(Task description)
Return only the lines from the top of the data down to the one that holds "Germany, Berlin, Cnr.", both included, without any pictures.

(Data excerpt)
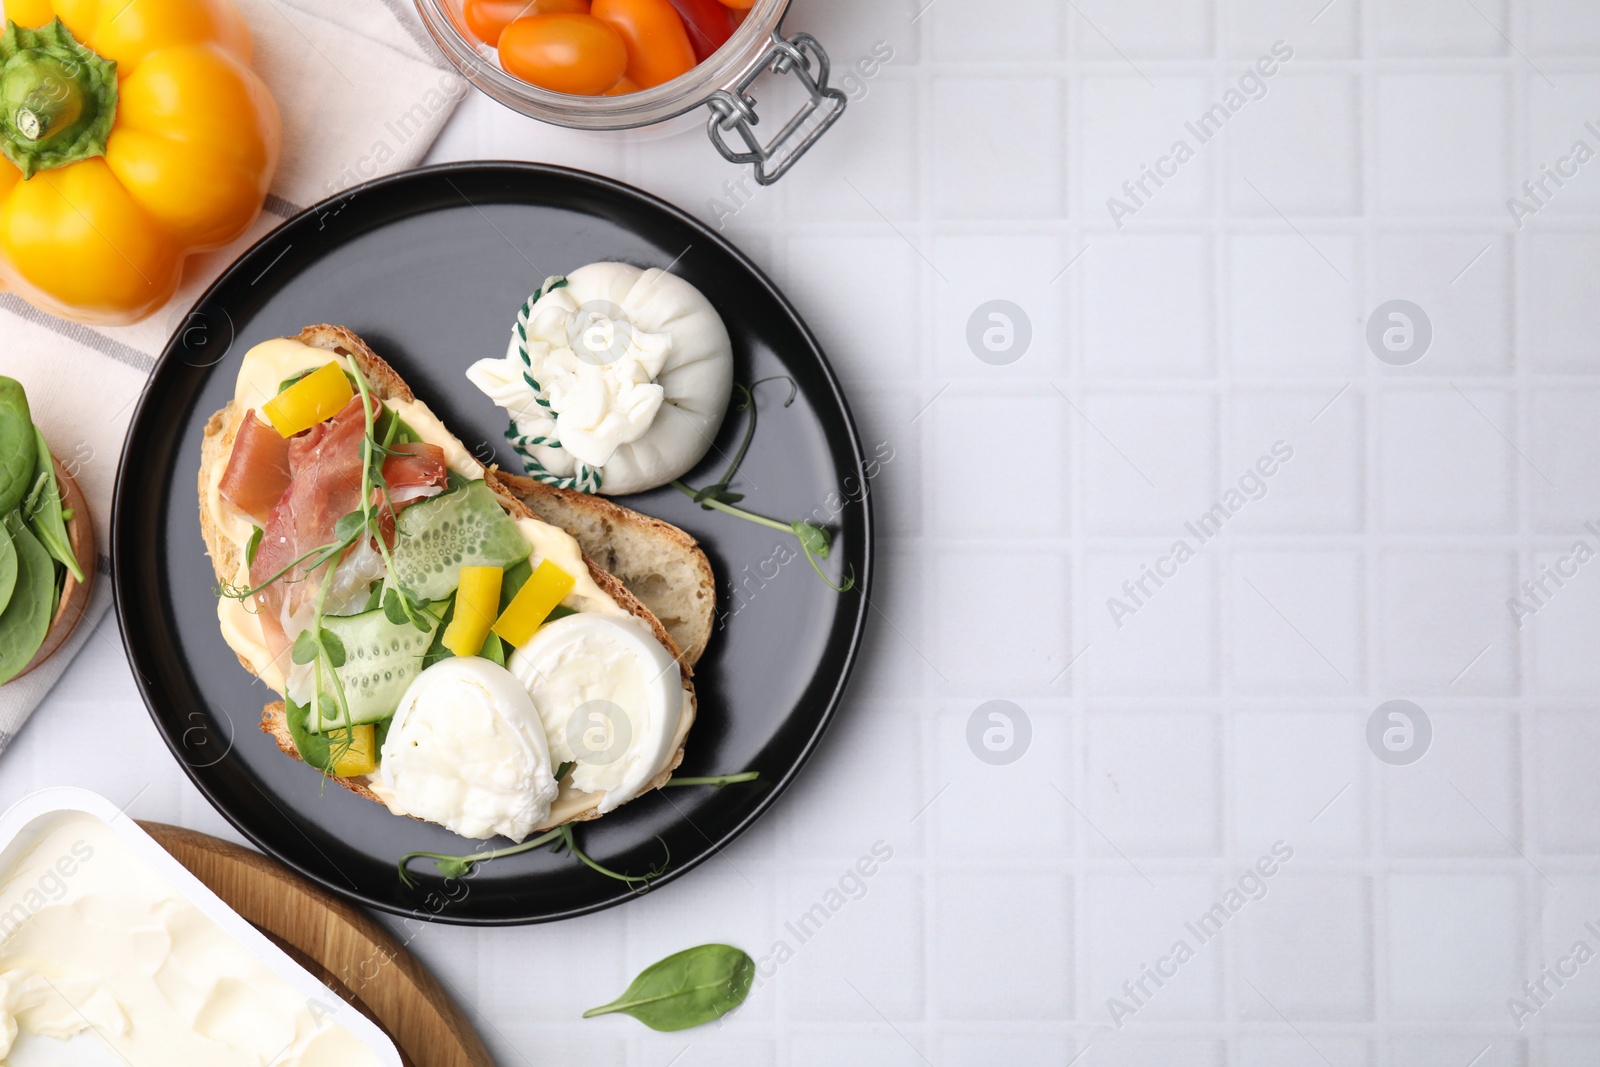 Photo of Tasty sandwich with burrata cheese, prosciutto, vegetables and ingredients on white tiled table, flat lay. Space for text
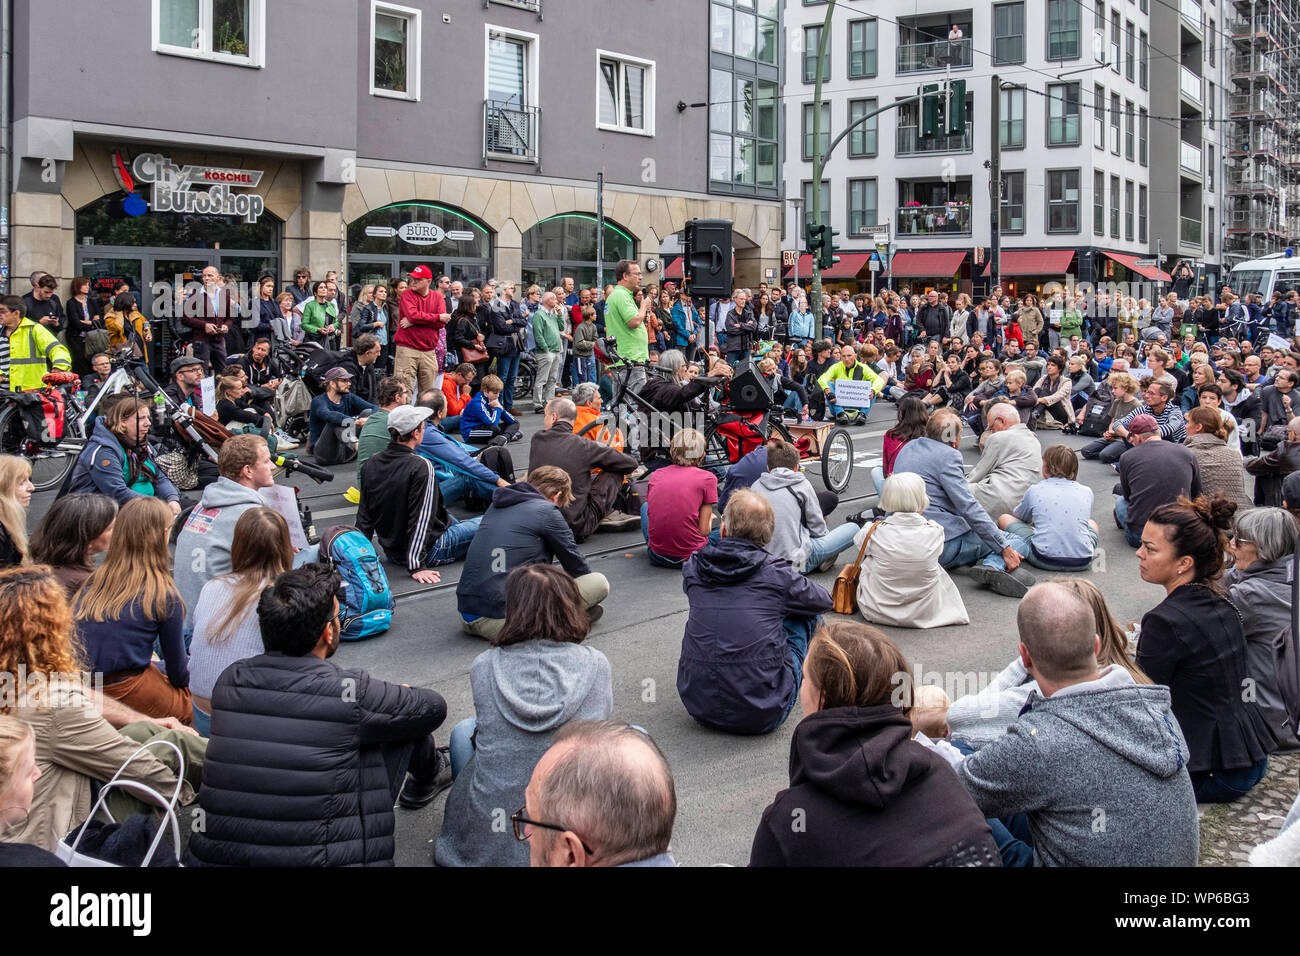 Germany, Berlin, Cnr. Invalidenstrasse & Ackerstrasse. 7th September 2019.Vigil for four people killed in accident as a Porche SUV ploughed onto sidewalk of Friday evening. Berliners gathered to mourn the dead and bring flowers & candles to the site of the accident. There was also a call for SUV vehicles to be restricted in the city and for a new speed limit. credit: Eden Breitz/Alamy Stock Photo
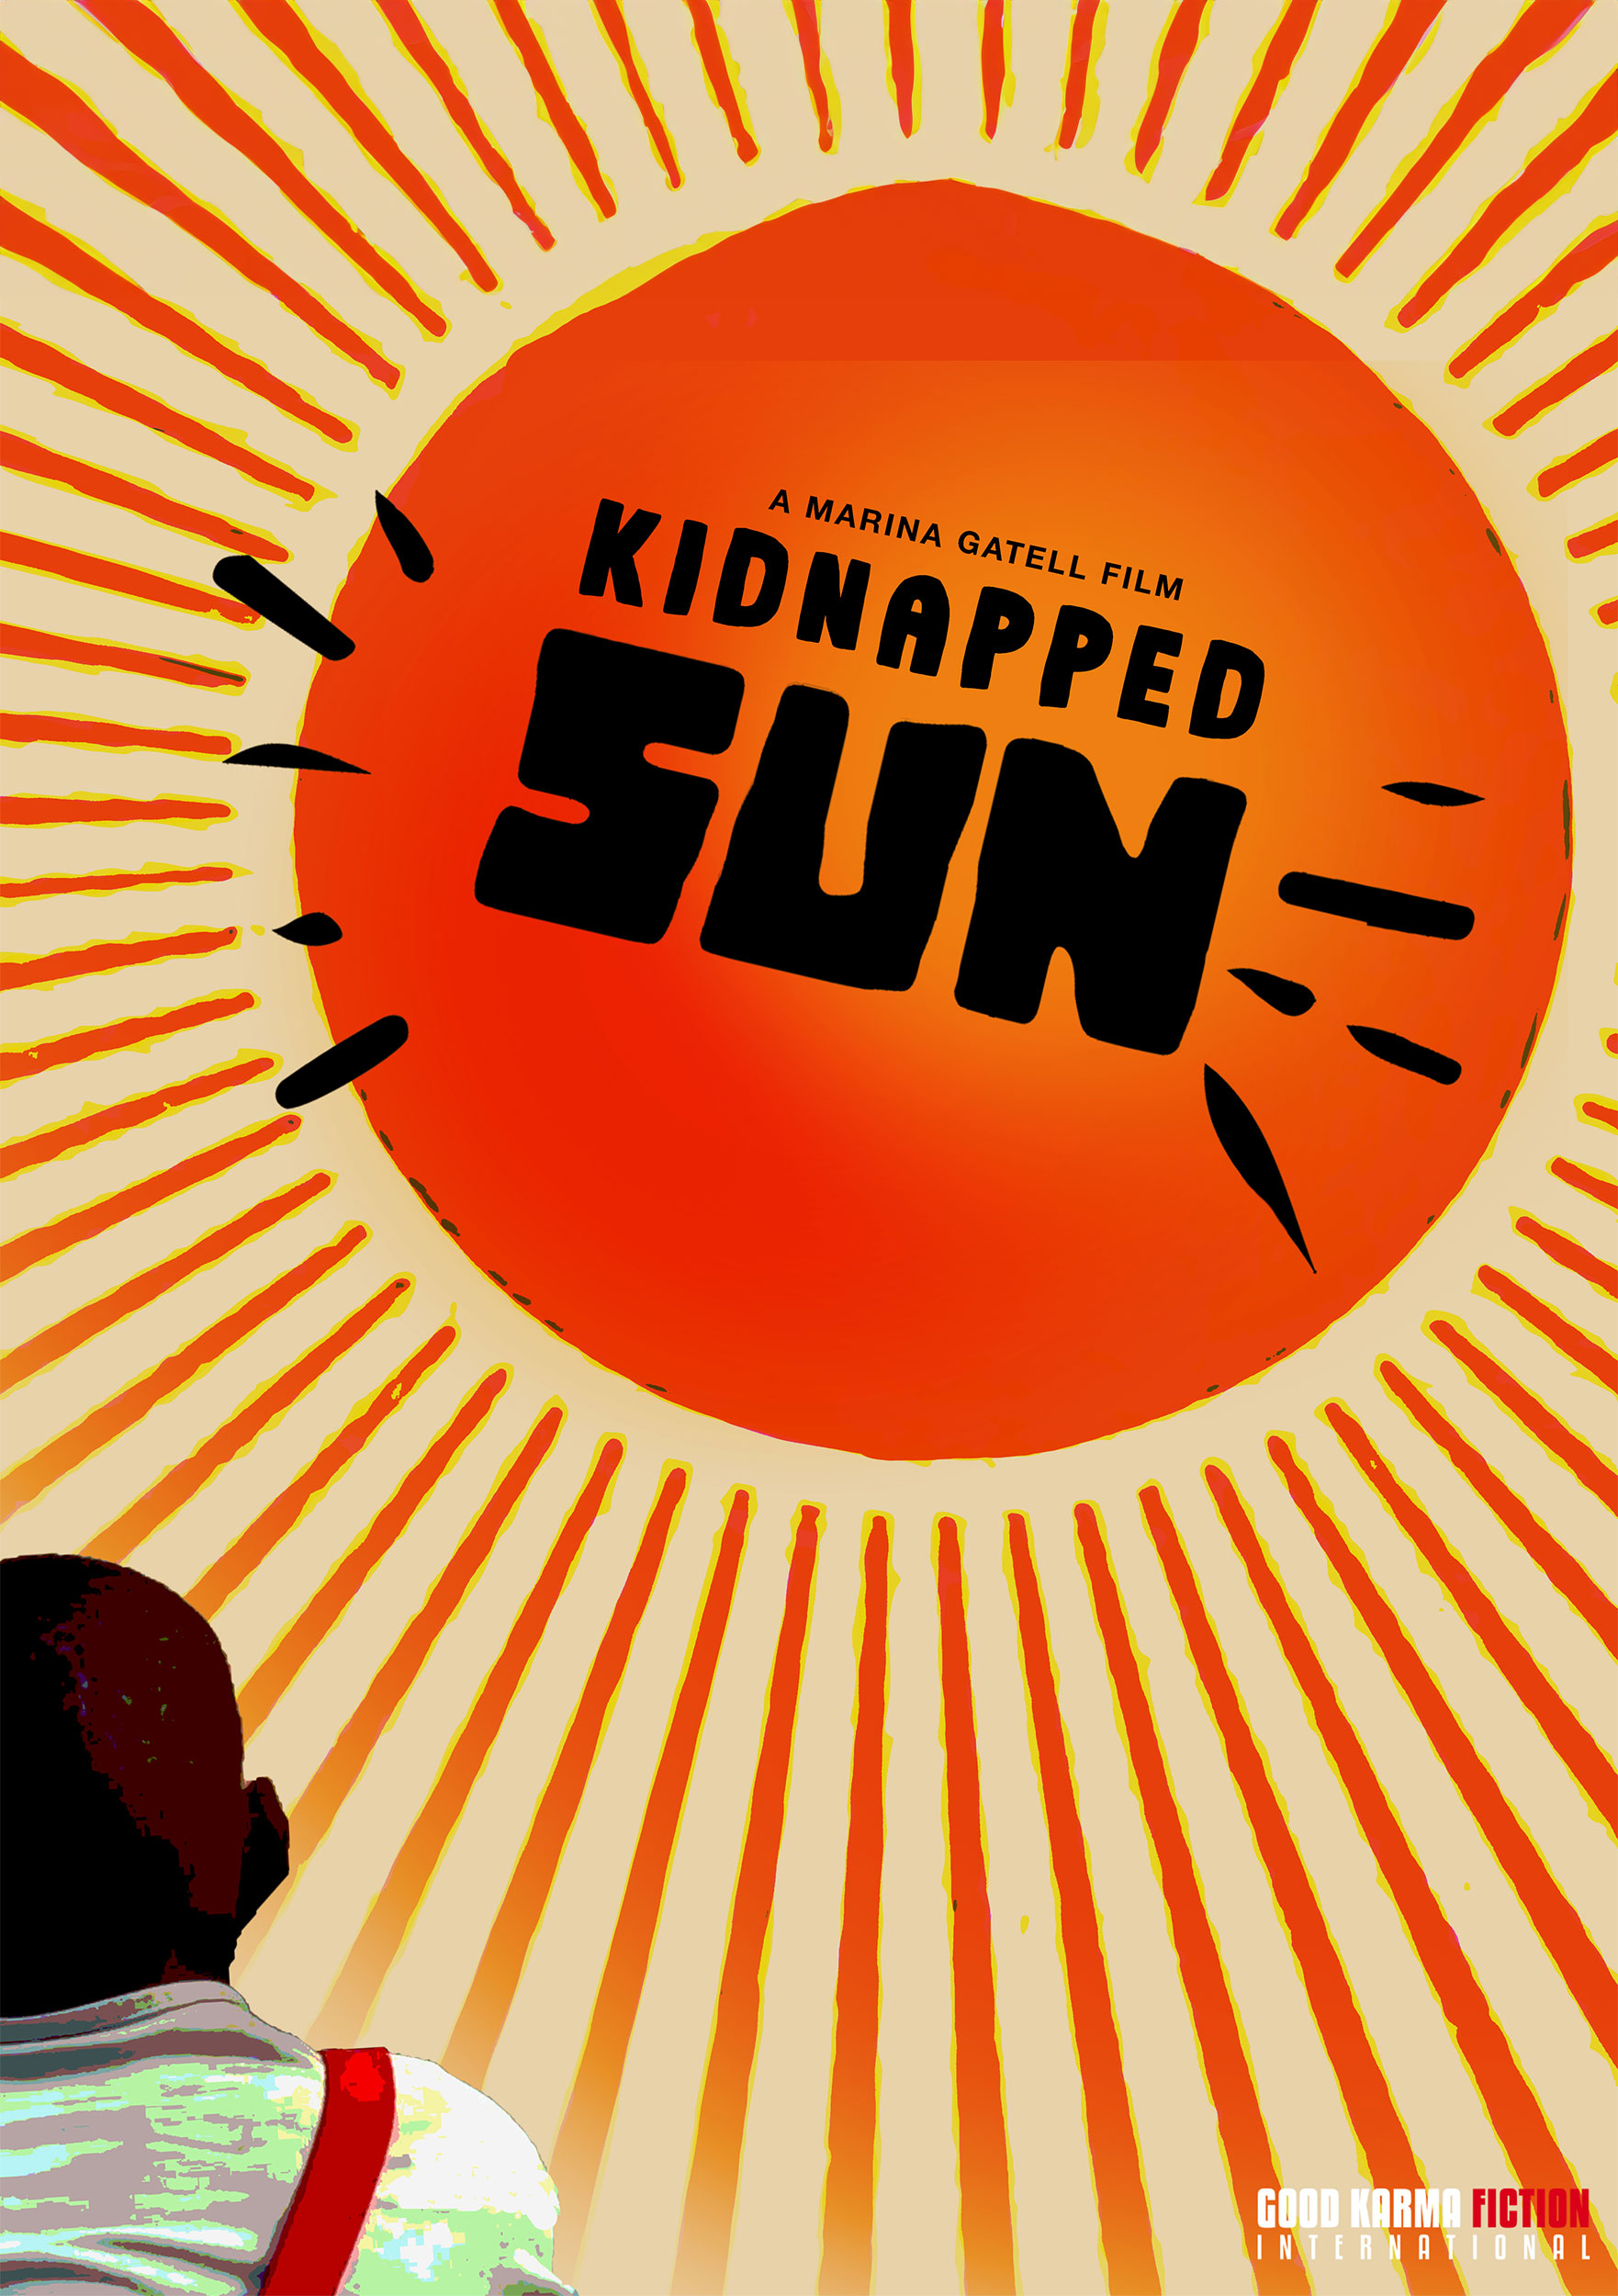 <i  id="iconinf1" class="fas fa-info" aria-hidden="true"></i><br> <h3>KIDNAPPED SUN</h3><br><p>The Sun has been kidnapped and only the children from a small orfanage in Nairobi can rescue it ... <br><br><b>-Phantasy-Crime, 90 min-</b></p> <br><br><b>-Creator: Marina Gatell-</b></p>
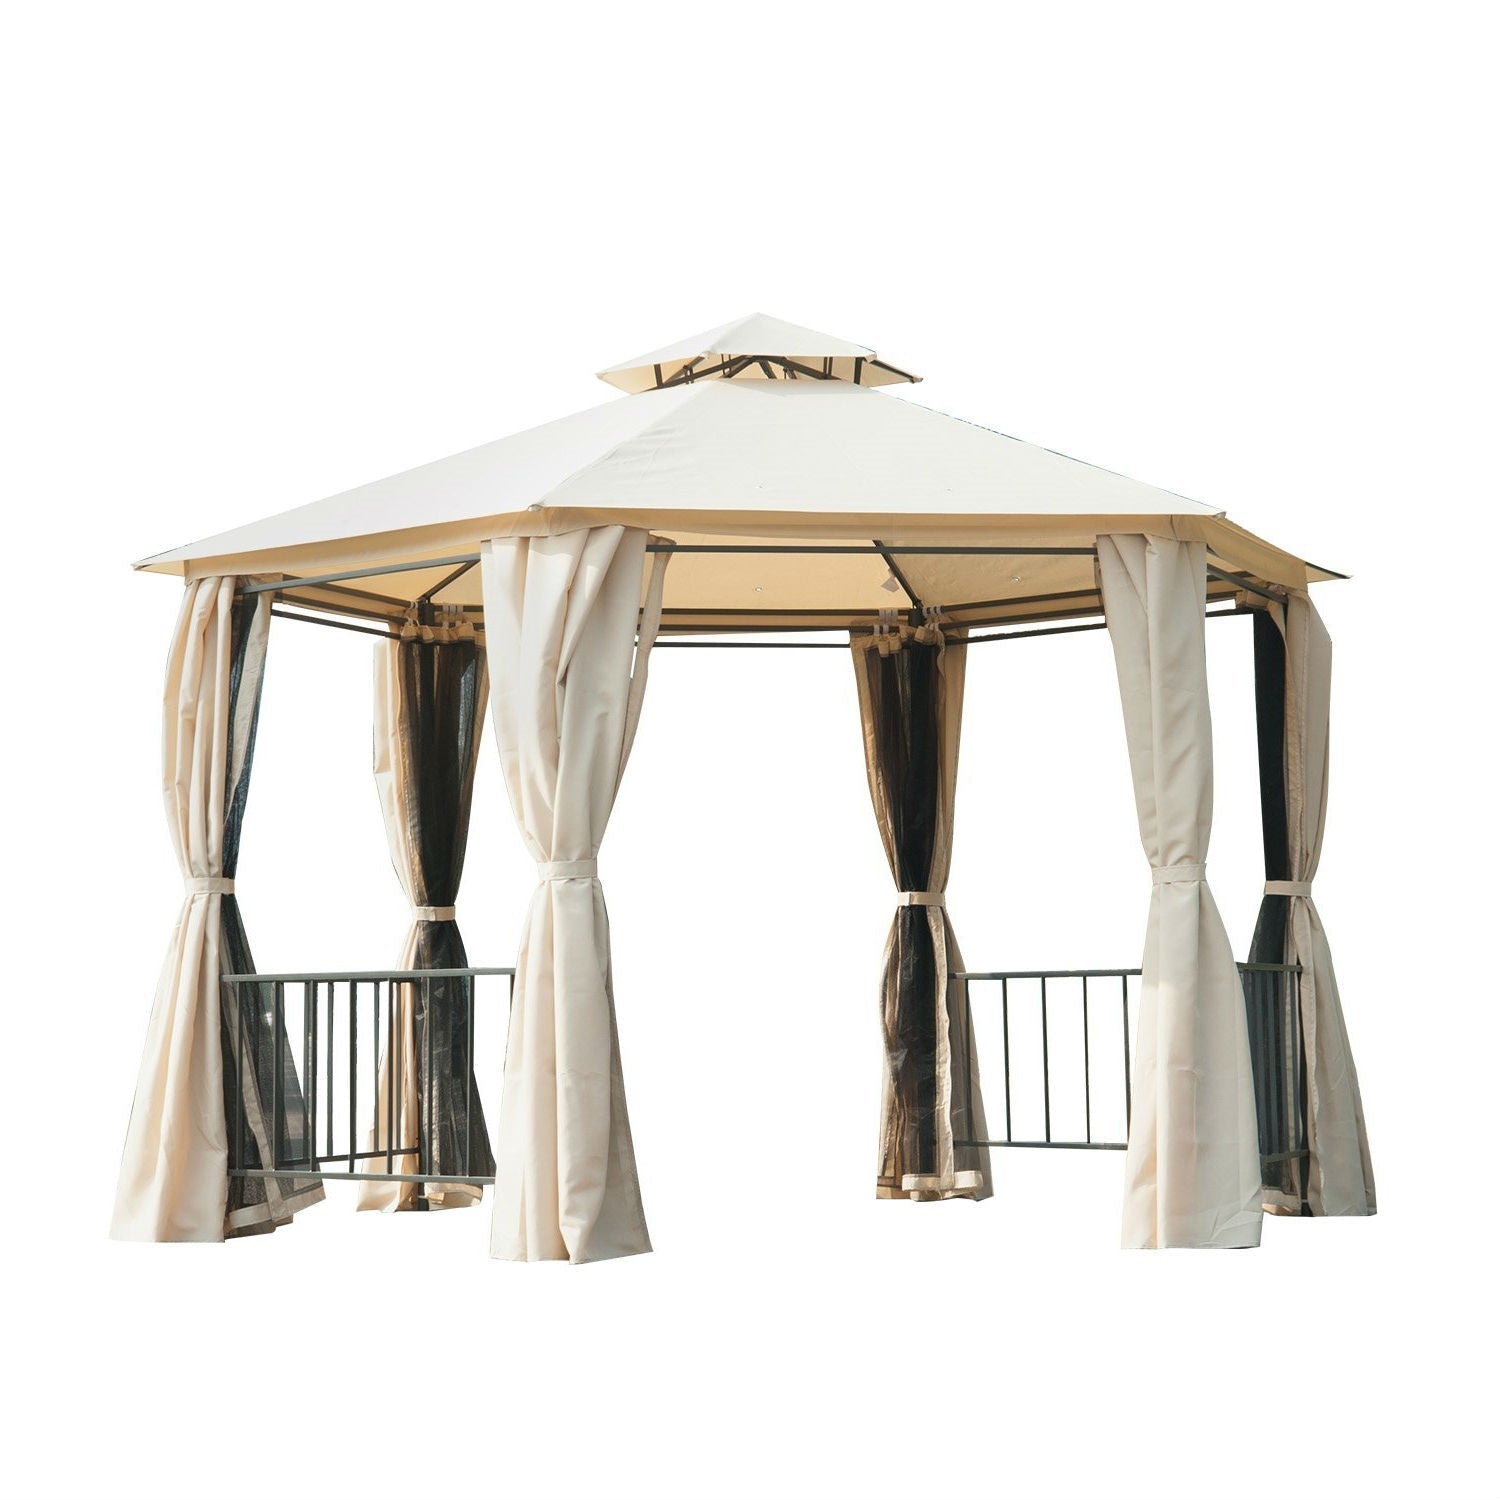 Outdoor > Gazebos & Canopies - Outdoor Patio Hexagon Gazebo With Beige Canopy And Mesh Curtains

(Answer area)
 Photo of Tasty sandwich with burrata cheese, prosciutto, vegetables and ingredients on white tiled table, flat lay. Space for text
 Germany, Berlin, Cnr. Invalidenstrasse & Ackerstrasse. 7th September 2019.Vigil for four people killed in accident as a Porche SUV ploughed onto sidewalk of Friday evening. Berliners gathered to mourn the dead and bring flowers & candles to the site of the accident. There was also a call for SUV vehicles to be restricted in the city and for a new speed limit. credit: Eden Breitz/Alamy Stock Photo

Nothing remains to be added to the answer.